Ex. 4.6
Ex. 4.6
Suppose we have \(N\) points \(x_i\) in \(\mathbb{R}^p\) in general position, with class labels \(g_i\in\{-1,1\}\). Prove that the perceptron learning algorithm converges to a separating hyperplane in a finite number of steps:
- (a) Denote a hyperplane by \(f(x) = \beta_1^Tx + \beta_0 = 0\) or in a more compact notation \(\beta^Tx^\ast=0\), where \(x^\ast = (x,1)\) and \(\beta=(\beta_1, \beta_0)\). Let \(z_i = x_i^\ast/\|x_i^\ast\|\). Show that separability implies the existence of a \(\beta_{\text{sep}}\) such that \(y_i\beta^T_{\text{sep}}z_i\ge 1\ \ \forall i\).

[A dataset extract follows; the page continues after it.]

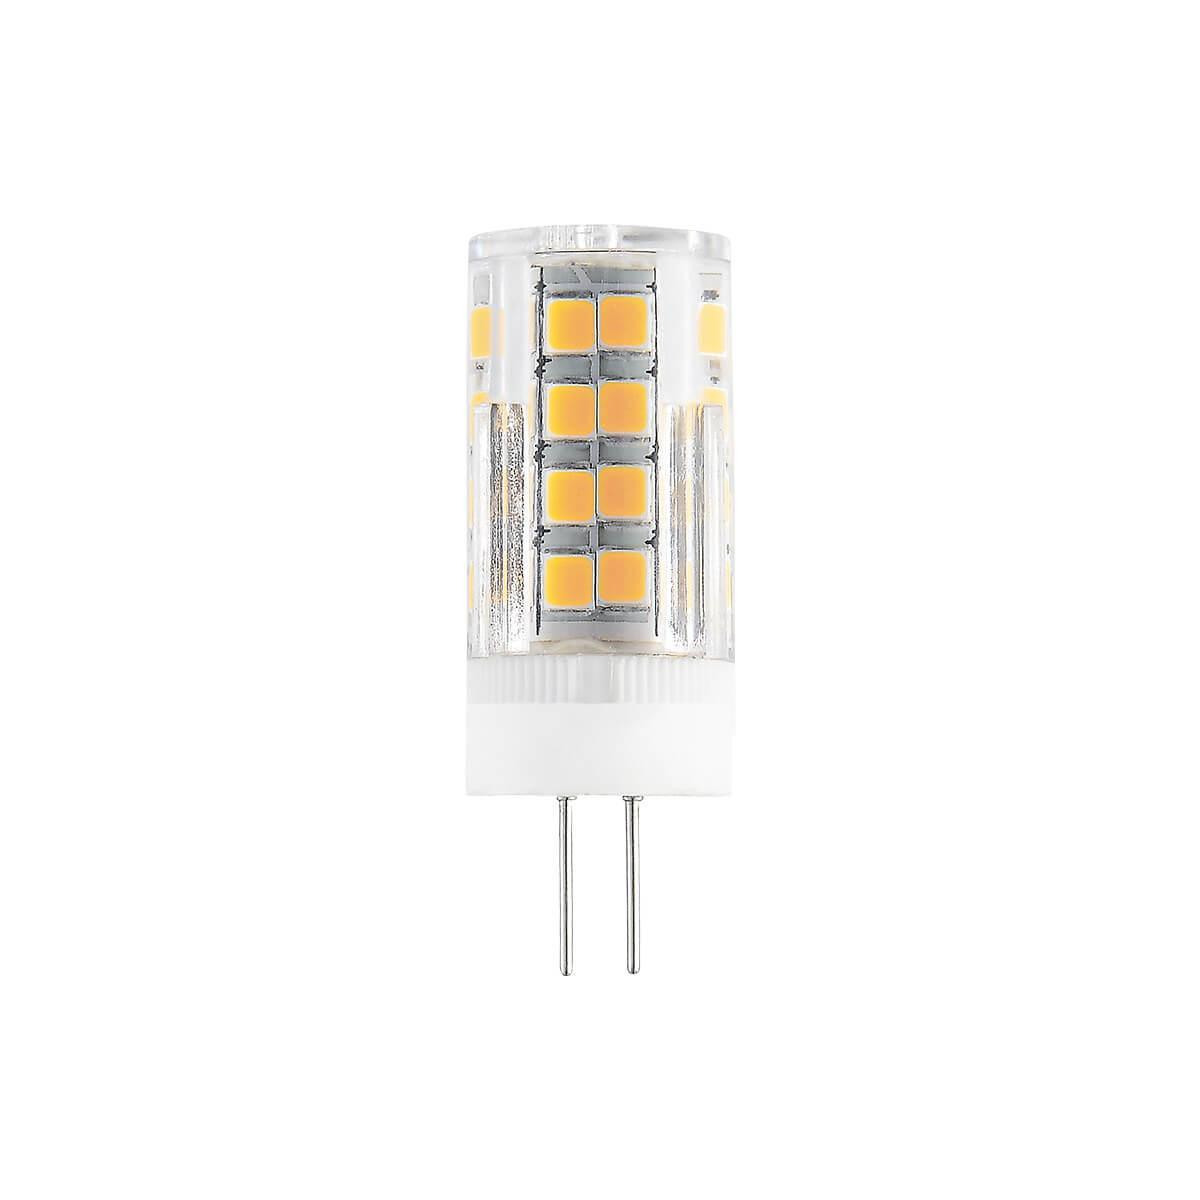 Лампа светодиодная G4 7W 3300K прозрачная 4690389112966 elektrostandard лампа светодиодная e14 7w 3300k шар матовый mini 4690389061622

- (b) Given a current \(\beta_{\text{old}}\), the perceptron algorithm identifies a point \(z_i\) that is misclassified, and produces the update \(\beta_{\text{new}}\leftarrow \beta_{\text{old}} + y_iz_i\). Show that \(\|\beta_{\text{new}}-\beta_{\text{sep}}\|^2\le \|\beta_{\text{old}}-\beta_{\text{sep}}\|^2 - 1\), and hence that the algorithm converges to a separating hyperplane in no more than \(\|\beta_{\text{start}}-\beta_{\text{sep}}\|^2\) steps (Pattern Recognition and Neural Networks).
Soln. 4.6
- (a) By definition of separability, there exists \(\beta\) such that
\[\begin{eqnarray}
\beta^Tx_i > &0& \text{for}\ \ y_i = 1\non\\
\beta^Tx_i < &0& \text{for}\ \ y_i = -1.\non
\end{eqnarray}\]
Thus we have \(y_i\beta^Tx_i > 0\) for all \(x_i\), thus for \(y_i\beta^Tz_i > 0\) for all \(z_i\).
Define
\[\begin{equation}
m := \min_{i} \|y_i\beta^Tz_i\|.\non
\end{equation}\]
Thus, \(y_i(\frac{1}{m}\beta^T)z_i\ge 1\). So there exists a \(\beta_{\text{sep}} := \frac{1}{m}\beta\) such that \(y_i\beta^T_{\text{sep}}z_i\ge 1 \ \forall i\).
- (b) We have
\[\begin{eqnarray}
\|\beta_{\text{new}} - \beta_{\text{sep}}\|^2 &=& \|\beta_{\text{old}} - \beta_{\text{sep}} + y_iz_i\|^2\non\\
&=&\|\beta_{\text{old}} - \beta_{\text{sep}}\|^2 + \|y_iz_i\|^2 + 2y_i(\beta_{\text{old}} - \beta_{\text{sep}})^Tz_i\non\\
&=&\|\beta_{\text{old}} - \beta_{\text{sep}}\|^2 + 1 + 2y_i\beta_{\text{old}}^Tz_i - 2y_i\beta_{\text{sep}}^Tz_i\non\\
&\le&\|\beta_{\text{old}} - \beta_{\text{sep}}\|^2 + 1 + 2\cdot 0 - 2 \cdot 1 \non\\
&=&\|\beta_{\text{old}} - \beta_{\text{sep}}\|^2-1.\non
\end{eqnarray}\]